Set OPENAI_API_KEY in .env and you’re set. Common model choices:

Spec	When to pick it
`openai/gpt-4.1-nano`	Default. Cheapest, fastest, fine for routing and most skills.
`openai/gpt-4.1-mini`	When the nano starts ad-libbing or missing nuance.
`openai/gpt-4.1`	When the mini still falls short — usually long context or complex multi-step reasoning.

Older models work too — anything the OpenAI SDK accepts (openai/gpt-4o, openai/gpt-4o-mini, openai/gpt-3.5-turbo, etc.).

LMStudio

LMStudio runs a local OpenAI-compatible server. Start it, load a model, leave it running on the default port (1234). Then point the runtime at it:


export SKILLET_MODEL_RUNNER=lmstudio/liquid/lfm2-1.2b
npm run dev:chat:todo_list

Or set the model in your AGENTS.md:


---
name: todo_list
description: Todo list manager.
model: lmstudio/liquid/lfm2-1.2b
---

The runtime hits http://localhost:1234/v1 (or LMSTUDIO_BASE_URL if set) and treats the response as if it were OpenAI’s. No API key required. Cost-tracking entries are still written but the dollar amounts will be zero.
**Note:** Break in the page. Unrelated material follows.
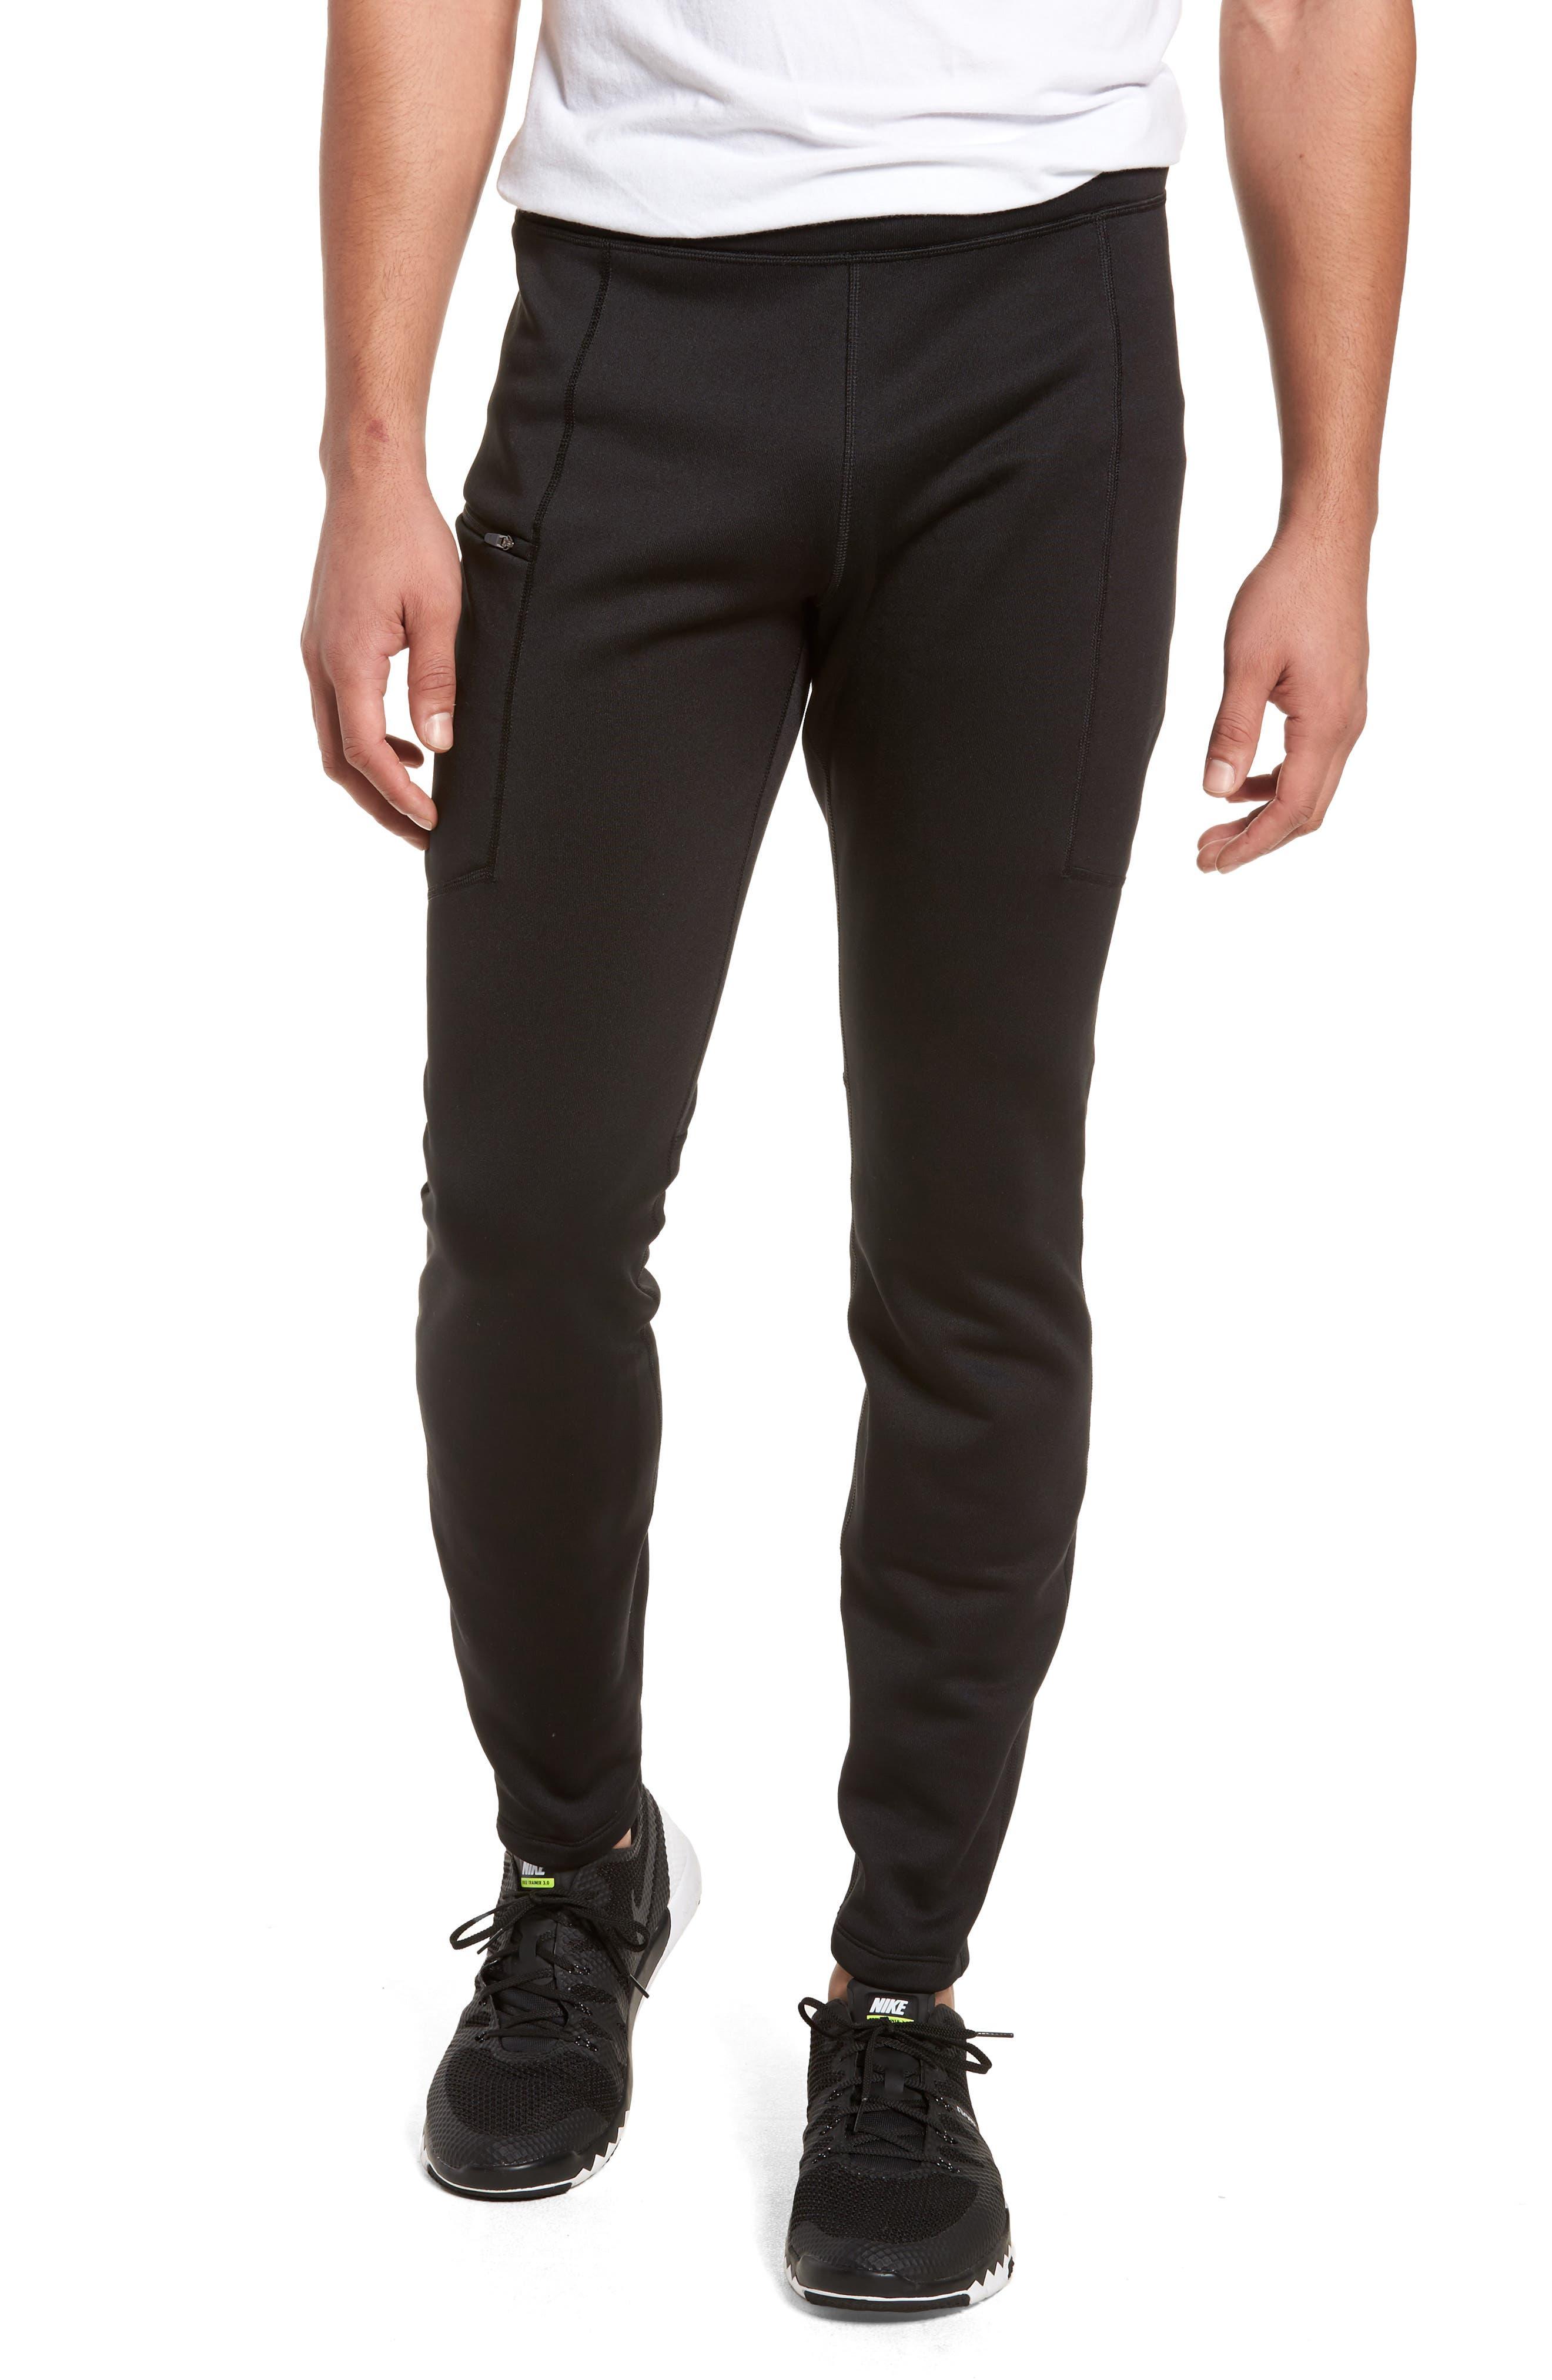 Patagonia Crosstrek Pants, Black
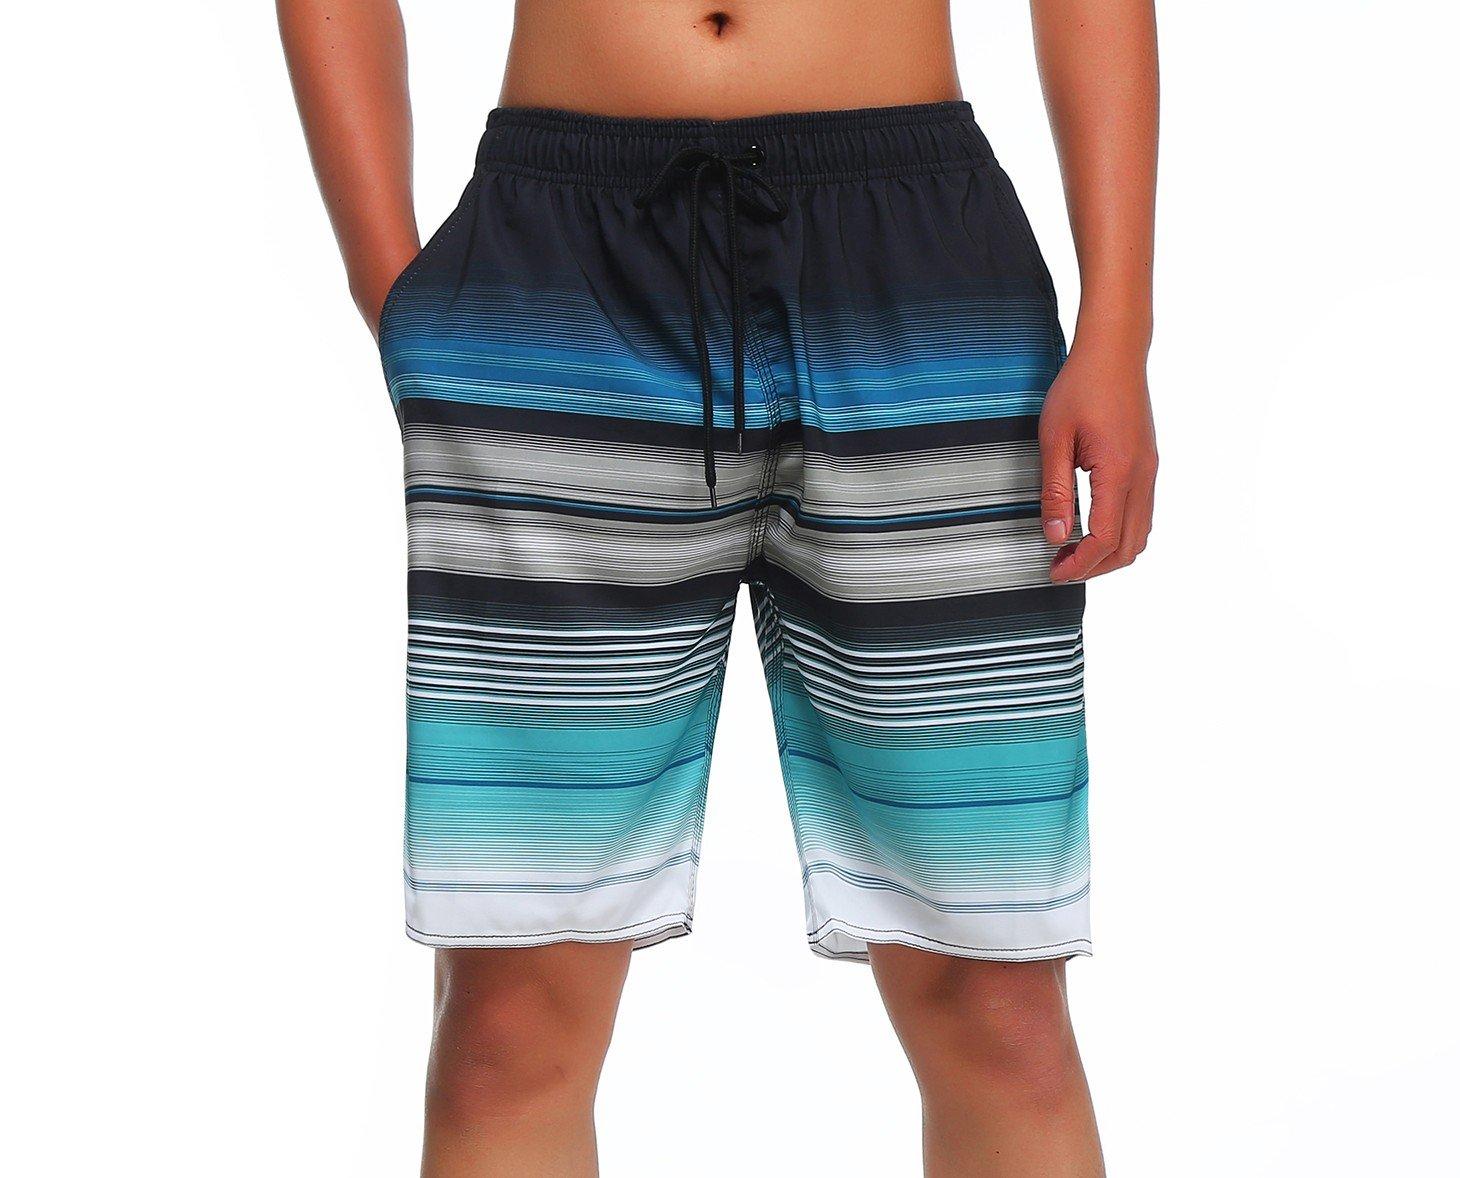 MILANKERR メンズ 水着 サーフパンツ 海水パンツ [UVカット吸汗速乾] B01MS94OJ8 L: ウエスト=96-102cm|ブルー ブルー L: ウエスト=96-102cm

Tested LMStudio models include lmstudio/liquid/lfm2-1.2b and lmstudio/google/gemma-3-4b-it. Anything LMStudio loads and serves should work — the model id after lmstudio/ is sent through unchanged.

Ollama

Ollama also exposes an OpenAI-compatible endpoint. Install it, pull a model, and start the server:


ollama pull llama3.2
ollama serve          # serves http://localhost:11434

Then point the runtime at it:


export SKILLET_MODEL_RUNNER=ollama/llama3.2
npm run dev:chat:todo_list

Or set the model in your AGENTS.md:


---
name: todo_list
description: Todo list manager.
model: ollama/llama3.2
---

The runtime hits http://localhost:11434/v1 (or OLLAMA_BASE_URL if set). No API key is required: the OpenAI SDK constructor refuses to start without one, so the ollama client ships a harmless placeholder key that Ollama ignores. As with LMStudio, cost-tracking entries are still written but the dollar amounts are zero. The model id after ollama/ (e.g. llama3.2, qwen3) is sent through unchanged.

Streaming

Pass -s to chat or run to stream tokens. Both providers support it. The events that come out of the async generator are the same in both modes — streaming just emits text events incrementally as tokens arrive instead of in one chunk at the end.


npx skilled_crew chat -c ./data/skillets/todo_list.skilled_crew.yaml -s

What’s not supported

	Status
Anthropic (Claude)	No native adapter. The `anthropic/*` provider prefix is not wired; reach Claude through an OpenAI-compatible gateway via the `openai` provider and `OPENAI_BASE_URL`.
Google Gemini API (`generativelanguage.googleapis.com`)	No native adapter. Run Gemini models locally through LMStudio with `lmstudio/google/<model>`, or front the Gemini API with an OpenAI-compatible gateway.

Every provider must speak the OpenAI API — there is no plugin or config-file mechanism for new backends. Adding one means editing the UtilsAi.SUPPORTED_PROVIDERS enum and the UtilsAi.PROVIDER_CLIENT_CONFIGS client wiring (the base URL, its override env var, and an optional placeholder key); see UtilsAi and UtilsAi.getOpenAiClient.